Data records

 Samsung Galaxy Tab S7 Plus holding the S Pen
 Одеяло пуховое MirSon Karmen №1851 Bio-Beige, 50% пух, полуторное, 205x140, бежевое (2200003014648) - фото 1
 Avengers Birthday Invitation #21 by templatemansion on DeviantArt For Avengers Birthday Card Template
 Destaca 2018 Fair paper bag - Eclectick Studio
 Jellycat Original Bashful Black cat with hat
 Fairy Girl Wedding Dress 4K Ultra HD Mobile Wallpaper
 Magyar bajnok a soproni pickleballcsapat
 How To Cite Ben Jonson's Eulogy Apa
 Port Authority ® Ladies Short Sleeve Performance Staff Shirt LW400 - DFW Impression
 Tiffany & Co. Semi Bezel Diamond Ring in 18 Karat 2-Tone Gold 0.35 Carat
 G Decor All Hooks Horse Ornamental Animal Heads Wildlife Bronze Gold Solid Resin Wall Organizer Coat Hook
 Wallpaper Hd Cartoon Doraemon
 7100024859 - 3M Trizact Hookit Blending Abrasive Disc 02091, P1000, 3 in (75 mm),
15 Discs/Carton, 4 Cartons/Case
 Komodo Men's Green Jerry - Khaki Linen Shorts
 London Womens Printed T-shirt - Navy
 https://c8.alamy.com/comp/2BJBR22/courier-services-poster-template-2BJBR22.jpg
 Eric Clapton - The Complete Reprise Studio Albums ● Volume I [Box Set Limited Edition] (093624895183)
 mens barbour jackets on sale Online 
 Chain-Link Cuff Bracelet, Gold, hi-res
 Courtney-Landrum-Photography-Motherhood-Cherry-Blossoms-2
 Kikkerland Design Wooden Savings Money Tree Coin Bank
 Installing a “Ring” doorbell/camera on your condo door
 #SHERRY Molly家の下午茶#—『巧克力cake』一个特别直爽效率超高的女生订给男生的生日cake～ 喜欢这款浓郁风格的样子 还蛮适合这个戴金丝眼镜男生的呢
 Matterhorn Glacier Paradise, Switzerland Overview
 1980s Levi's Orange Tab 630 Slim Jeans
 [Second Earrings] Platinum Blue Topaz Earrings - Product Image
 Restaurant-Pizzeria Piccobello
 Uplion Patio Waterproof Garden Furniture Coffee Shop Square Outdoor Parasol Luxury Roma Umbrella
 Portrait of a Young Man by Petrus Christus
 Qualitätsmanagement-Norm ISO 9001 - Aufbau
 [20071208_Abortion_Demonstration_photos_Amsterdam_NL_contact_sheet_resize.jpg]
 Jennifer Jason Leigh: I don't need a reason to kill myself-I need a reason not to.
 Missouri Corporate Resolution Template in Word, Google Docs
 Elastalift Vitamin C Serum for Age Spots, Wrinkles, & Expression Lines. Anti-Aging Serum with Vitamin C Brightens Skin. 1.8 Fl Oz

▸ **EXERCISE AIM**
Nothing beyond the lines from the start of the entries through the line with "How To Cite Ben Jonson's Eulogy Apa" should appear. Repeat those lines exactly, both ends included.

▸ **COMPLETED TASK**
 Samsung Galaxy Tab S7 Plus holding the S Pen
 Одеяло пуховое MirSon Karmen №1851 Bio-Beige, 50% пух, полуторное, 205x140, бежевое (2200003014648) - фото 1
 Avengers Birthday Invitation #21 by templatemansion on DeviantArt For Avengers Birthday Card Template
 Destaca 2018 Fair paper bag - Eclectick Studio
 Jellycat Original Bashful Black cat with hat
 Fairy Girl Wedding Dress 4K Ultra HD Mobile Wallpaper
 Magyar bajnok a soproni pickleballcsapat
 How To Cite Ben Jonson's Eulogy Apa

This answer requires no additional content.